-- Exercise brief --
What you produce should be every line from the data that includes "Decor".

-- Data provided --

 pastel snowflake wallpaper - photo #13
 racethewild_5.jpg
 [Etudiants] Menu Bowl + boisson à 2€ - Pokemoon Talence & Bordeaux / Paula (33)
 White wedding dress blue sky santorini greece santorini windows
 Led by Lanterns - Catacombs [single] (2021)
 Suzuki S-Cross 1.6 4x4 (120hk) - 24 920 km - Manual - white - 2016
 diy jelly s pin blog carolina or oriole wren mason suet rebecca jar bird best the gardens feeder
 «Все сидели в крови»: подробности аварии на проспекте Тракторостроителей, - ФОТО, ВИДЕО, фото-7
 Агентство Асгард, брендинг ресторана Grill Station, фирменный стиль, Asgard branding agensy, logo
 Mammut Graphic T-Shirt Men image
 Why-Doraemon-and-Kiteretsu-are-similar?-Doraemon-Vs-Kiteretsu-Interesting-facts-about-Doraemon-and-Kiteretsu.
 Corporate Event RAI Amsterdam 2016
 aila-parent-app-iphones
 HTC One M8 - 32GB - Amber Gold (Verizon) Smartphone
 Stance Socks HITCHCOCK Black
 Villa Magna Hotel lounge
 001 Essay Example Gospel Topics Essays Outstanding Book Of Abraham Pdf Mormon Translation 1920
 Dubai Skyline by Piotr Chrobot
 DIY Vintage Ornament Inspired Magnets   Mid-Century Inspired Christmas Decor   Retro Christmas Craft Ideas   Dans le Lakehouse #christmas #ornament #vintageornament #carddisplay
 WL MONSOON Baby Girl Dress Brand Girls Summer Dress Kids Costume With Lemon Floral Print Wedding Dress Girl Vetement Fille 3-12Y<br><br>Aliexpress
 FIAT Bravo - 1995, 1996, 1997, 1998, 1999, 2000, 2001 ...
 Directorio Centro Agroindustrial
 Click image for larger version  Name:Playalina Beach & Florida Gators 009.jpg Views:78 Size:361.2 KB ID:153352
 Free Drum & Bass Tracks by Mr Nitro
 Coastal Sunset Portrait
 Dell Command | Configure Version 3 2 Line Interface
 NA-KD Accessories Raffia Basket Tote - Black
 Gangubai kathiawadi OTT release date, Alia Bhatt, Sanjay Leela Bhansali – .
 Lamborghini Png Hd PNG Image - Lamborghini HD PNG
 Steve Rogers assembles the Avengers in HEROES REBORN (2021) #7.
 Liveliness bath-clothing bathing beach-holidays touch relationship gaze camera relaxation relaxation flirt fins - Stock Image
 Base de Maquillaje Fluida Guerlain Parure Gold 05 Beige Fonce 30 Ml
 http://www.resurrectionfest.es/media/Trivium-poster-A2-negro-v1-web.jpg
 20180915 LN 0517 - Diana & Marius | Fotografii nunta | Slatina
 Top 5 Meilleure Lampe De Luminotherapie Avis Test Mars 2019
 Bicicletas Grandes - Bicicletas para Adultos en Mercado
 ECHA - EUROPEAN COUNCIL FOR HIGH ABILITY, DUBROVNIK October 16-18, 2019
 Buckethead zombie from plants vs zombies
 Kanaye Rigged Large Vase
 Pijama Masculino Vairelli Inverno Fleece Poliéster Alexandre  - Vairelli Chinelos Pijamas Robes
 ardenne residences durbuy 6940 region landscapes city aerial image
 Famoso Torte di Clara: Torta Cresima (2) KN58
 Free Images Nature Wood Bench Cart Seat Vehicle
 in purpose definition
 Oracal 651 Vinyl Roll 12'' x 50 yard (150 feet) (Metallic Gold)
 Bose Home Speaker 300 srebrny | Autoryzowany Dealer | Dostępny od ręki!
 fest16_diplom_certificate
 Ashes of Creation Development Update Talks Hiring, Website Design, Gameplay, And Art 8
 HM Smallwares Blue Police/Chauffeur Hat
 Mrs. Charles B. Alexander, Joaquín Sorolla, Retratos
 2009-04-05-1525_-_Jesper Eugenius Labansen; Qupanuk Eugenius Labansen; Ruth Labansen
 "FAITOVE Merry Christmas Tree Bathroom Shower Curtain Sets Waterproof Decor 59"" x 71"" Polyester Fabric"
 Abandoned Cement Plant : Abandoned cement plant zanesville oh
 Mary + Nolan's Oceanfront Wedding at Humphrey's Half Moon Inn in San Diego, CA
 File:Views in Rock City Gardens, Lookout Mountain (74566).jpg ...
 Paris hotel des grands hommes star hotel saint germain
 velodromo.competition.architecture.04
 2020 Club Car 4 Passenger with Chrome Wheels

-- Exercise result --
 DIY Vintage Ornament Inspired Magnets   Mid-Century Inspired Christmas Decor   Retro Christmas Craft Ideas   Dans le Lakehouse #christmas #ornament #vintageornament #carddisplay
 "FAITOVE Merry Christmas Tree Bathroom Shower Curtain Sets Waterproof Decor 59"" x 71"" Polyester Fabric"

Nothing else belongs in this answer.